_About this task_: Please return exactly the lines from the beginning of the listing up to and including the line with "Avrupa Çevre Ajansı", with no pictures.

___ Given information

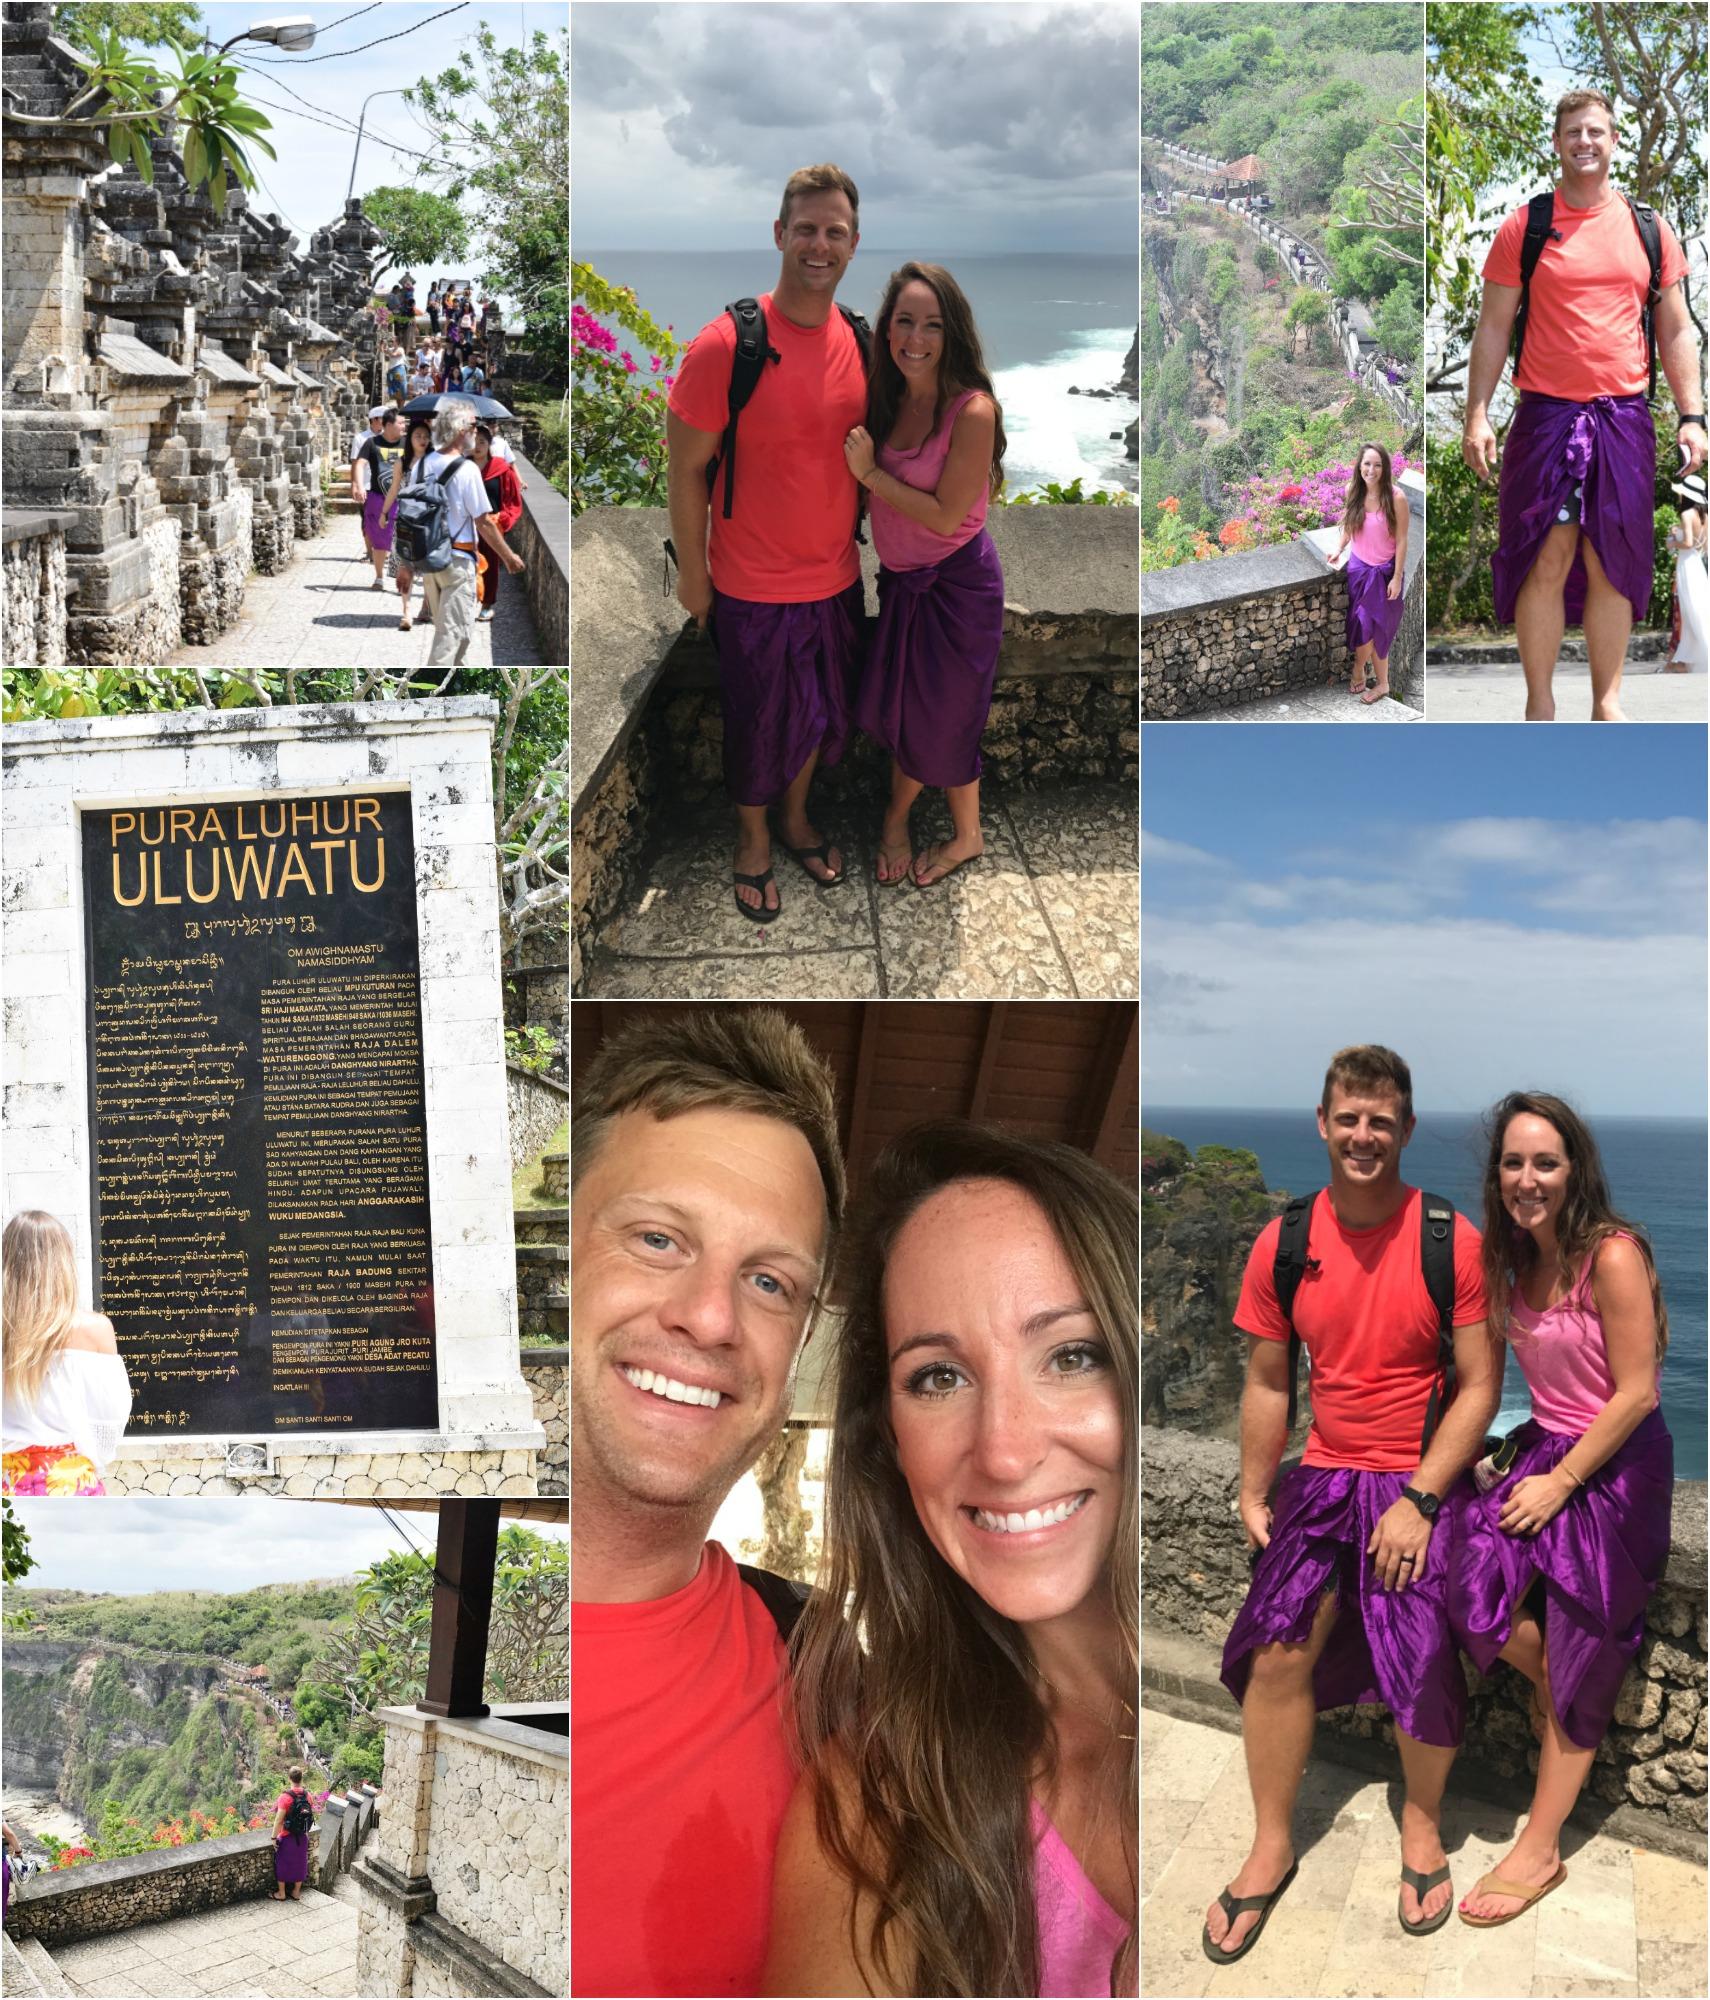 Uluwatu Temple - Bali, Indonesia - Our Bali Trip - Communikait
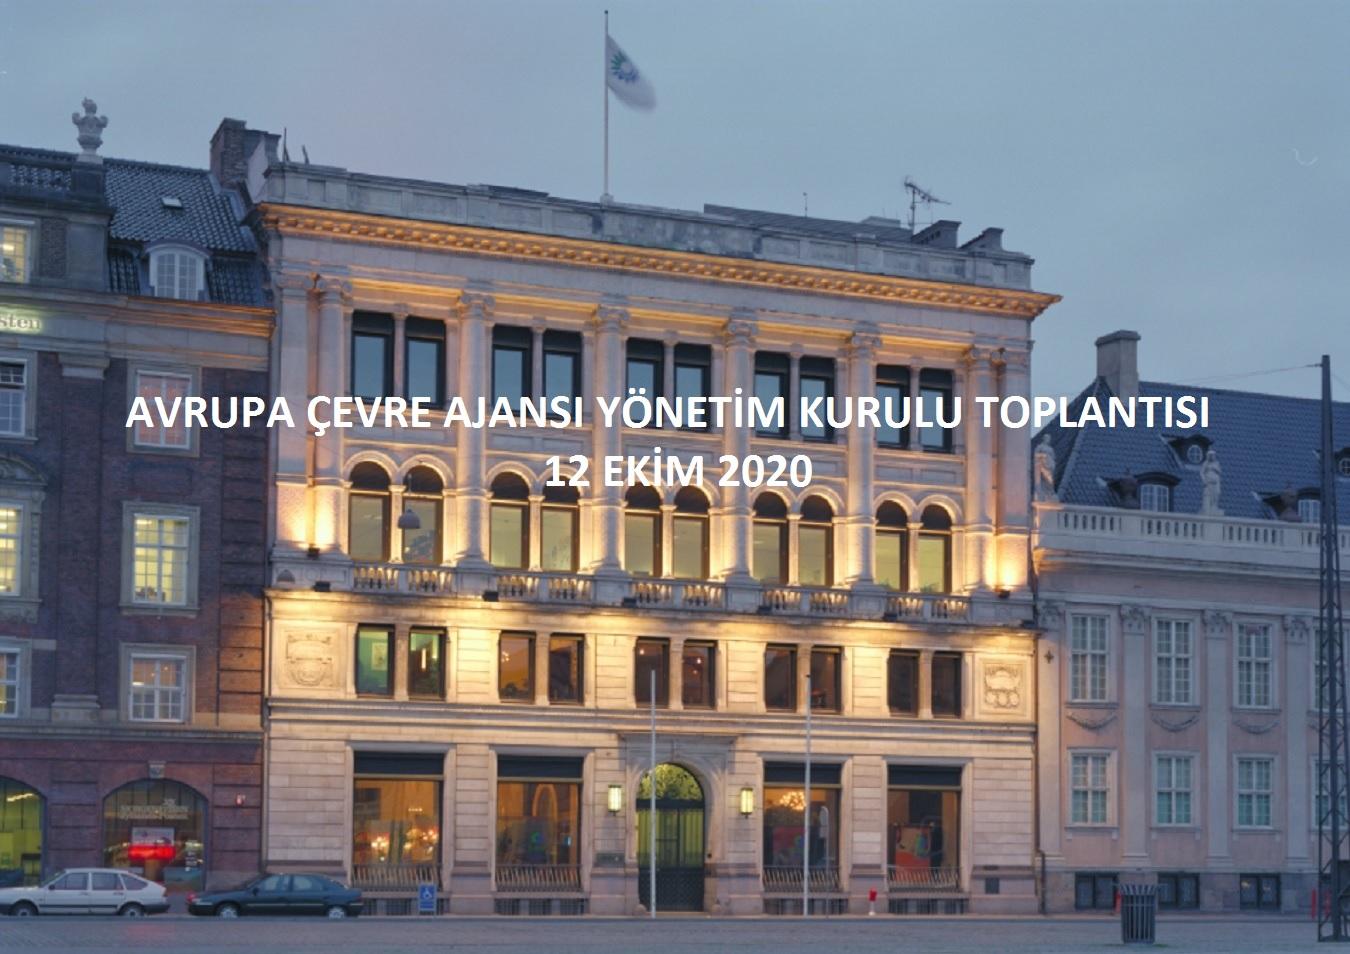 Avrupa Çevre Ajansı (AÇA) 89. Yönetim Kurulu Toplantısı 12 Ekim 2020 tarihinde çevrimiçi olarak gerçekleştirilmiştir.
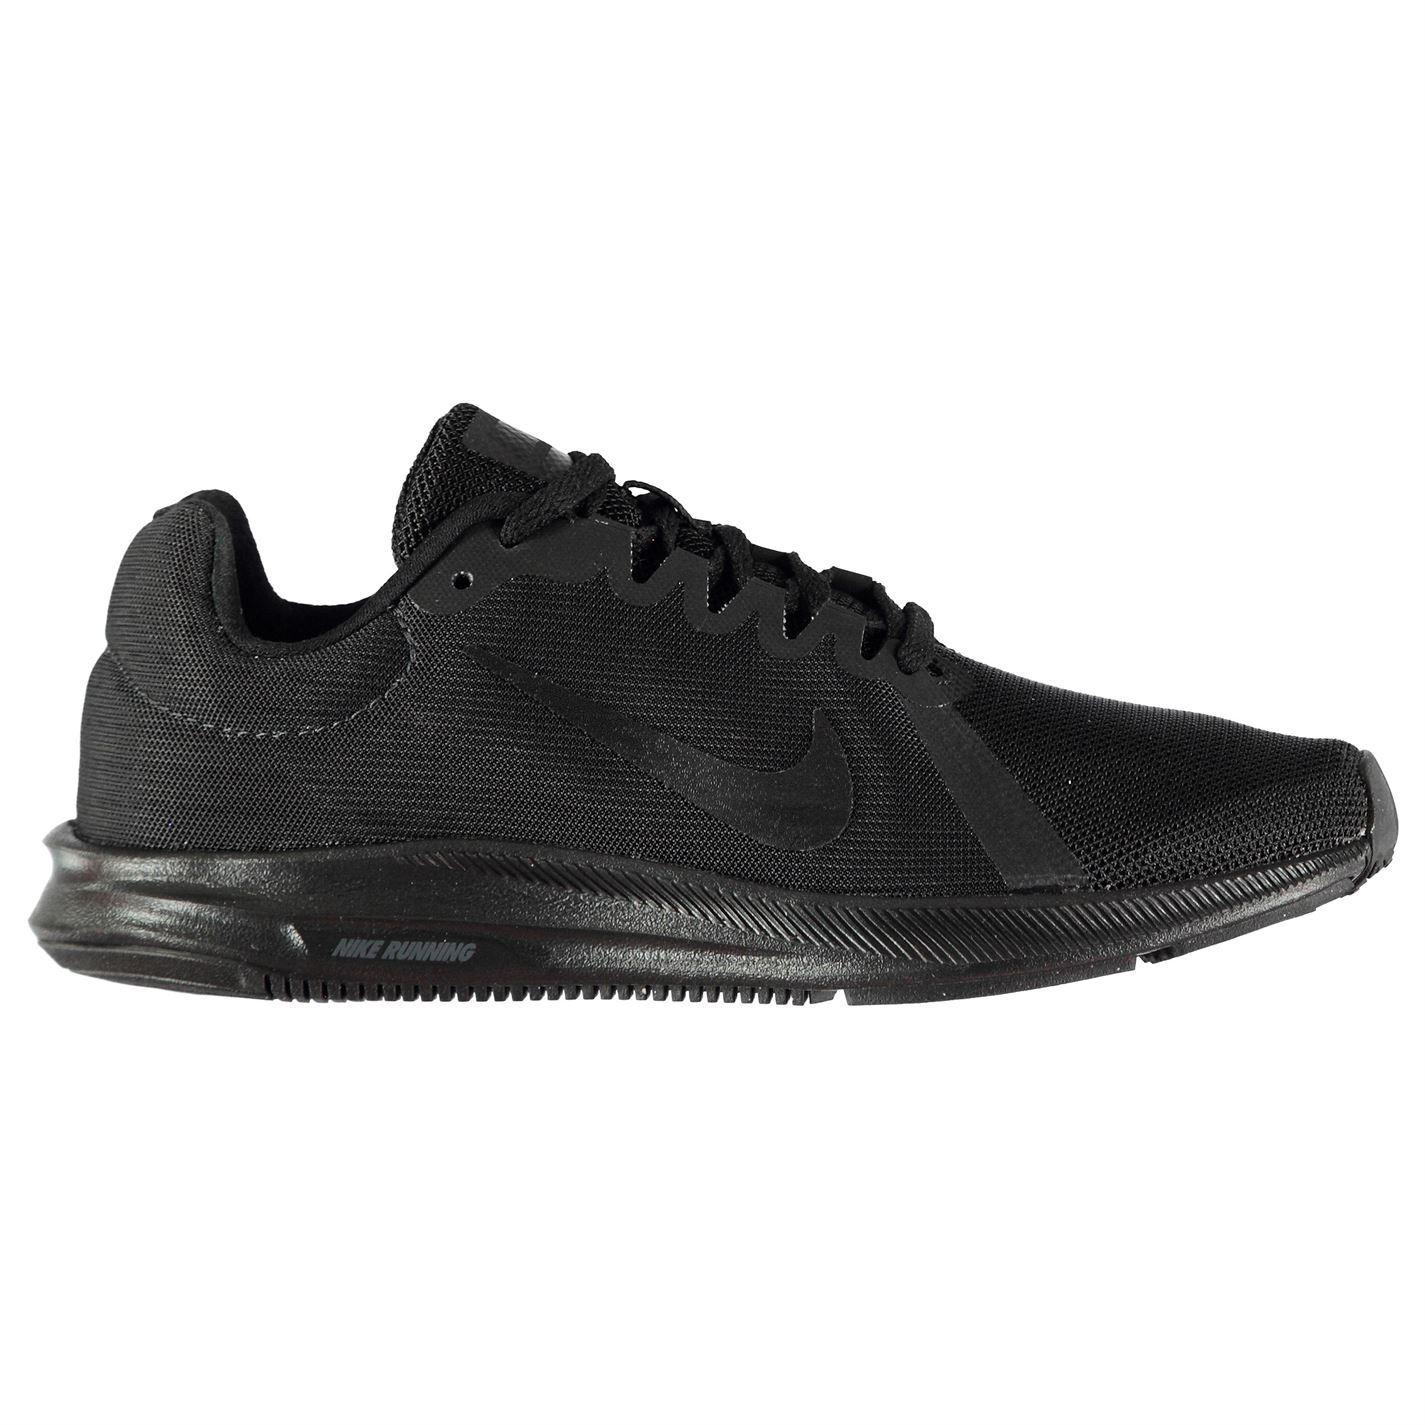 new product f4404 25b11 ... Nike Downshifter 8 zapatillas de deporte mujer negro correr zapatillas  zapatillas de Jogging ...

______

_Finished task_:
 Uluwatu Temple - Bali, Indonesia - Our Bali Trip - Communikait
 Avrupa Çevre Ajansı (AÇA) 89. Yönetim Kurulu Toplantısı 12 Ekim 2020 tarihinde çevrimiçi olarak gerçekleştirilmiştir.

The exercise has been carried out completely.